The ___calc_activity_index___ function is used to calculate an activity index defined by 'metric' for the selected 'input_types'. Note that if the 'input_types' is not passed to the function, the activity metric is calculated for all of the valid input types.  

In [5]:
#Calculate activity indices
pim = biobss.imutools.calc_activity_index(accx, accy, accz, signal_length=60, sampling_rate=fs, metric='PIM')
zcm = biobss.imutools.calc_activity_index(accx, accy, accz, signal_length=60, sampling_rate=fs, metric='ZCM')
tat = biobss.imutools.calc_activity_index(accx, accy, accz, signal_length=60, sampling_rate=fs, metric='TAT')
mad = biobss.imutools.calc_activity_index(accx, accy, accz, signal_length=60, sampling_rate=fs, metric='MAD')
enmo = biobss.imutools.calc_activity_index(accx, accy, accz, signal_length=60, sampling_rate=fs, metric='ENMO')
hfen = biobss.imutools.calc_activity_index(accx, accy, accz, signal_length=60, sampling_rate=fs, metric='HFEN')
ai = biobss.imutools.calc_activity_index(accx, accy, accz, signal_length=60, sampling_rate=fs, metric='AI', baseline_variance=[0.5,0.5,0.5])
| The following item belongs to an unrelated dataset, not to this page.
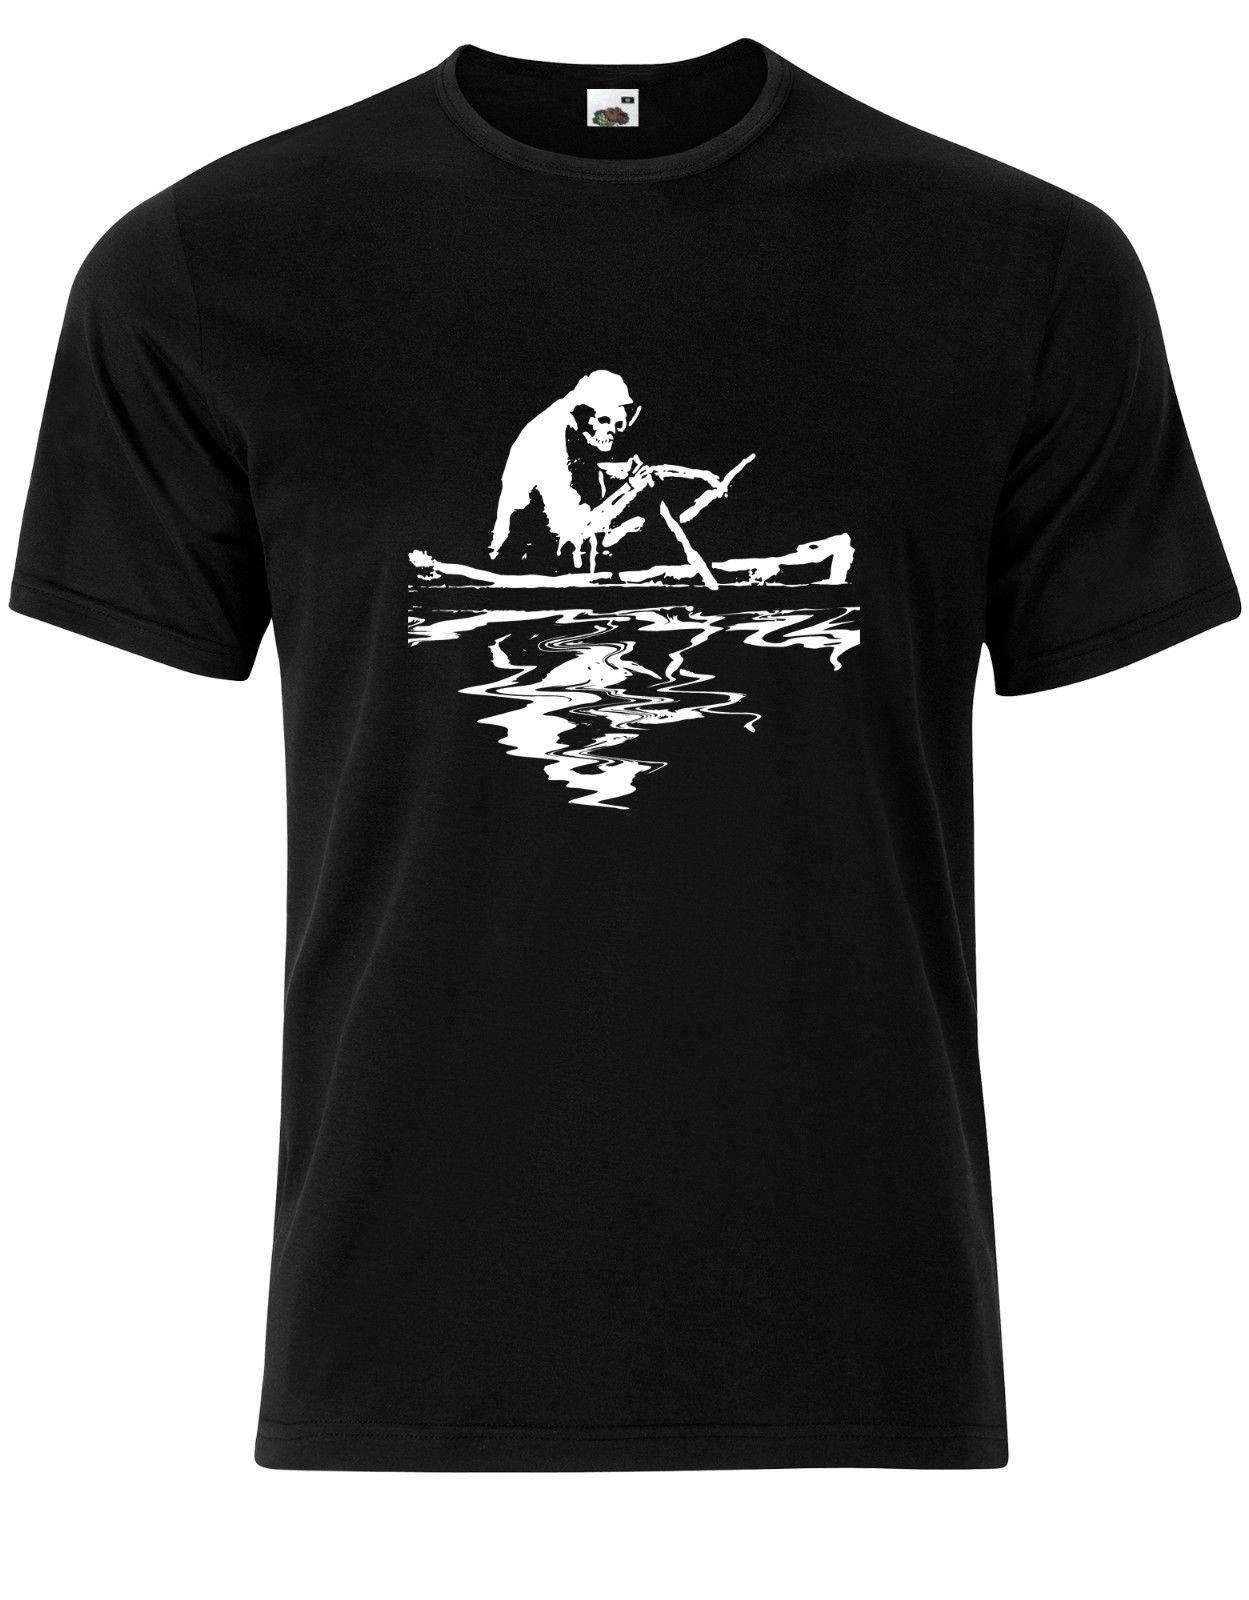 Banksy Graffiti The Grim Art Men Women Long Short Sleeve Baseball T Shirt 1759

### __ACC Feature Extraction__
<a id="acc_features"></a>

In the literature, there are several features used for analysis of ACC signals. These features can be categorized as frequency domain features, statistical features and correlation features. 

Statistical features:
- 'mean': mean of the signal amplitude
- 'std': standard deviation of the signal amplitude
- 'mad': mean absolute deviation of the signal amplitude
- 'min': minimum value of the signal amplitude
- 'max': maximum value of the signal amplitude
- 'range': difference of maximum and minimum values of the signal amplitude
- 'median': median value of the signal amplitude
- 'medad': median absolute deviation of the signal amplitude
- 'iqr': interquartile range of the signal amplitude
- 'ncount': number of negative values 
- 'pcount': number of positibe values 
- 'abmean': number of values above mean
- 'npeaks': number of peaks
- 'skew': skewness
- 'kurtosis': kurtosis
- 'energy': signal energy (the mean of sum of squares of the values in a window)
- 'momentum': momentum

Frequency domain features:
- 'fft_mean': mean of fft peaks
- 'fft_std': standard deviation of fft peaks
- 'fft_mad': mean absolute deviation of fft peaks
- 'fft_min': minimum value of fft peaks
- 'fft_max': maximum value of fft peaks
- 'fft_range': difference of maximum and minimum values of fft peaks
- 'fft_median': median value of fft peaks
- 'fft_medad': median absolute deviation of fft peaks
- 'fft_iqr': interquartile range of fft peaks
- 'fft_abmean': number of fft peaks above mean
- 'fft_npeaks': number of fft peaks
- 'fft_skew': skewness of fft peaks
- 'fft_kurtosis': kurtosis of fft peaks
- 'fft_energy': energy of fft peaks
- 'fft_entropy': entropy of fft peaks
- 'f1sc': signal power in the range of 0.1 to 0.2 Hz
- 'f2sc': signal power in the range of 0.2 to 0.3 Hz
- 'f3sc': signal power in the range of 0.3 to 0.4 Hz
- 'max_freq': frequency of maximum fft peak

Correlation features:
- 'accx_accy_corr': correlation coefficient for x and y axes
- 'accx_accz_corr': correlation coefficient for x and z axes
- 'accy_accz_corr': correlation coefficient for y and z axes

Reference: https://towardsdatascience.com/feature-engineering-on-time-series-data-transforming-signal-data-of-a-smartphone-accelerometer-for-72cbe34b8a60

These features can be calculated seperately for each domain using the functions ___get_freq_features___, ___get_stat_features___ and ___get_corr_features___. Note that ___get_freq_features___ and ___get_stat_features___  functions calculate the features for one signal at a time.

In [10]:
#Calculate frequency domain and statistical features for x-axis acceleration signal
accx_freq = biobss.imutools.acc_features.get_freq_features(accx, sampling_rate=fs, prefix='accx')
accx_stat = biobss.imutools.acc_features.get_stat_features(accx, sampling_rate=fs, prefix='accx')

In [11]:
#Calculate correlation features
signals = {}
signals['accx'] =accx
signals['accy'] =accy
signals['accz'] =accz

accx_corr = biobss.imutools.acc_features.get_corr_features(signals, prefix='accx')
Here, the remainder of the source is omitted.